In marketing, market segmentation is the practice of differentiating different groups in the market from one another. Different groups of people want different kinds of products. Different groups of people respond differently to various kinds of advertisements and promotions. Therefore, firms can often benefit from segmenting their market and selling different products to different segments of that market. An example of this is the Campbell Soup company. This firm markets different products to different regions of the US, to different countries, and to different demographic groups within countries.

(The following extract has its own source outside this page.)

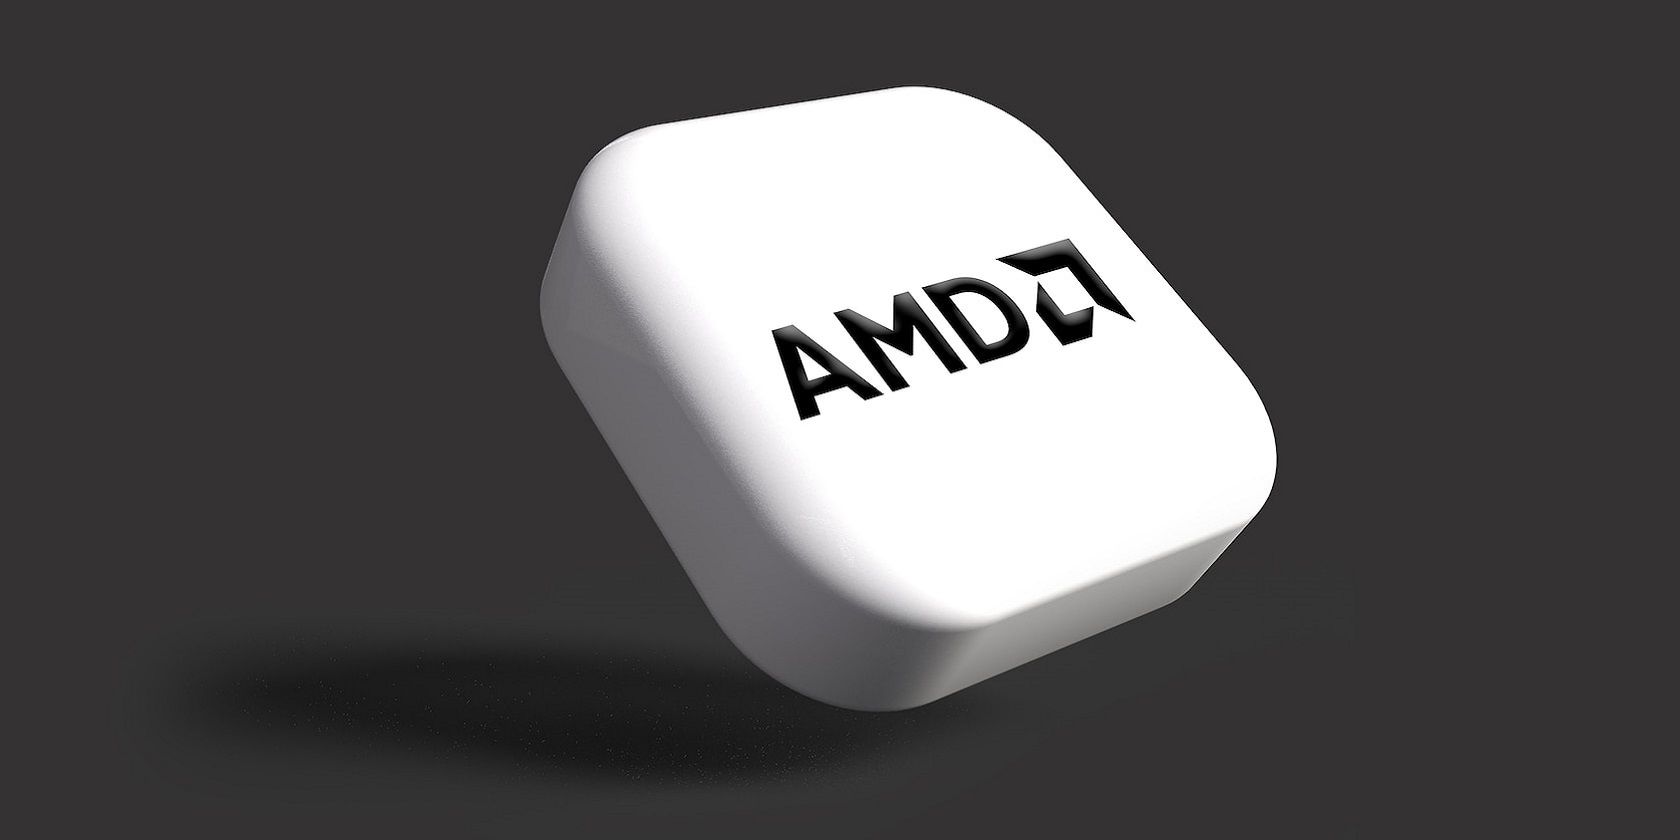 The AMD logo 
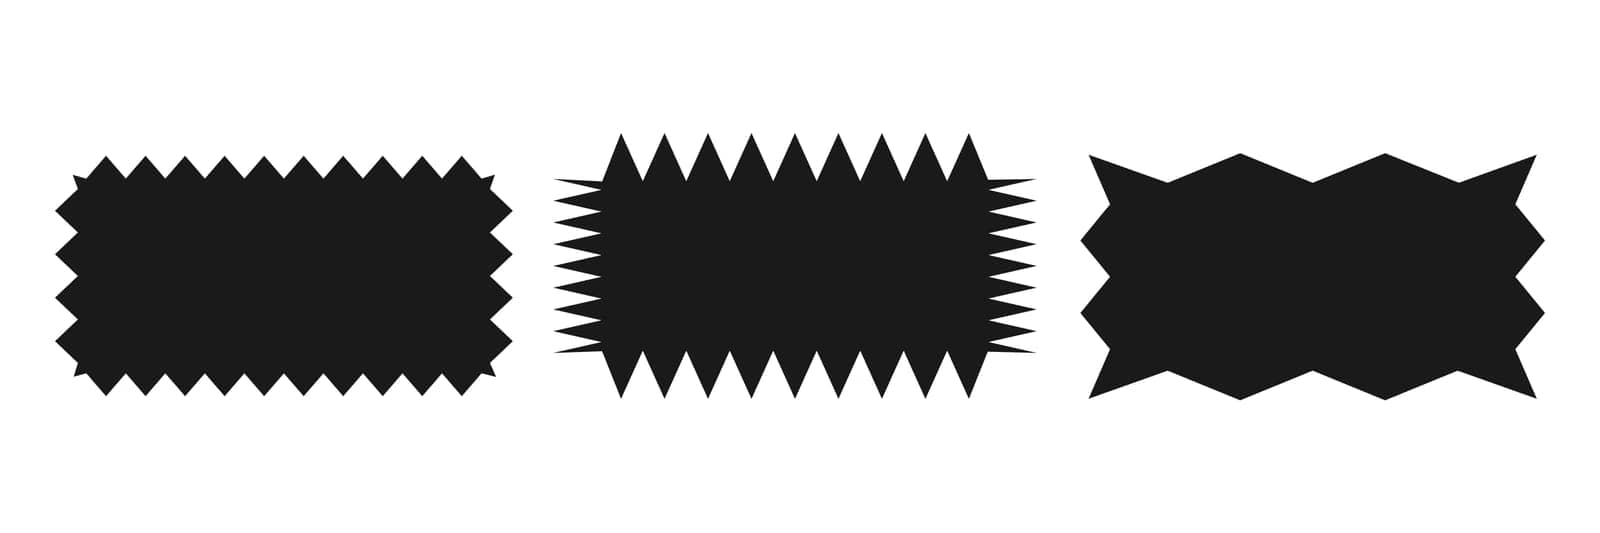 A set of uneven zigzag rectangular shapes. by Mallva

For example, Campbell’s found out through market research that Americans in the East want milder nacho cheese sauce while those in the West and Southwest want more spice. Therefore, they created different recipes for the different regions so that each region would get the flavor they prefer. Looking at international segmentation, Campbell’s created a soup that is not packaged in cans, but rather in cartons, for the French market. Their research showed that French consumers preferred this kind of packaging so Campbell’s segmented changed their packaging based on market segmentation. Finally, the firm has differentiated its products to appeal to different demographic market segments within the United States. In an attempt to appeal to younger consumers, Campbell’s created a line of more gourmet soups (flavors include Golden Lentil with Madras Curry and Creamy Red Pepper with Smoked Gouda) that are packaged in containers that can be directly microwaved. These packages have pictures of young people on them, a tactic which is also meant to appeal to a more youthful demographic.
In all of these ways and more, Campbell Soup is an example of a company that offers more than one product and segments those products to different market segments.